What JSON Mode Guarantees (and Doesn't)

Aspect	Guaranteed?	Notes
Valid JSON syntax	✅ Yes	Will always parse without errors
Correct field names	❌ No	Might use "fullName" instead of "name"
Correct types	❌ No	Might return "25" (string) instead of 25 (number)
All fields present	❌ No	Might omit optional fields
No extra fields	❌ No	Might add fields you didn't ask for

JSON mode is necessary but not sufficient. You also need schema validation.

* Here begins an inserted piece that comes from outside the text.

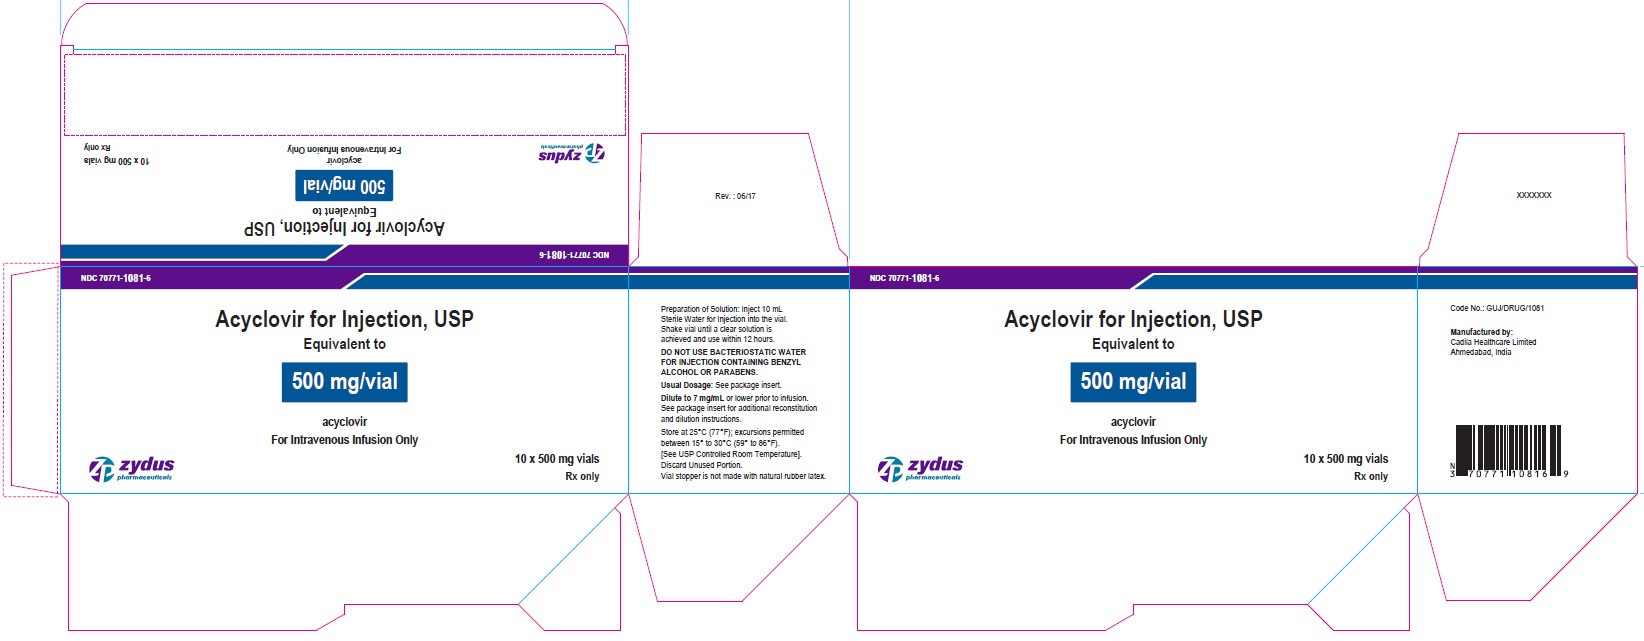 Acyclovir for Injection USP, 500 mg/Vial

4. Schema-First Extraction with Pydantic

Pydantic lets you define exactly what shape your data should have—and validates it at runtime.

Setup

uv add pydantic

Basic Schema Validation

pydantic_extraction.py
"""
Pydantic Schema Validation
==========================
Define your schema, validate the output.
"""

import json
from pydantic import BaseModel, Field, ValidationError
from openai import OpenAI
from dotenv import load_dotenv

load_dotenv()

client = OpenAI()


# ─────────────────────────────────────────────────────────────────────────────
# Define Your Schema
# ─────────────────────────────────────────────────────────────────────────────

class Person(BaseModel):
    """Schema for extracted person data."""
    
    name: str = Field(description="The person's full name")
    company: str | None = Field(default=None, description="Company they work for")
    age: int | None = Field(default=None, description="Age in years")
    email: str | None = Field(default=None, description="Email address")


class ExtractionResult(BaseModel):
    """Wrapper for extraction results."""
    
    people: list[Person] = Field(description="List of people mentioned")
    topics: list[str] = Field(description="Topics discussed")
    sentiment: str = Field(description="Overall sentiment: positive, negative, or neutral")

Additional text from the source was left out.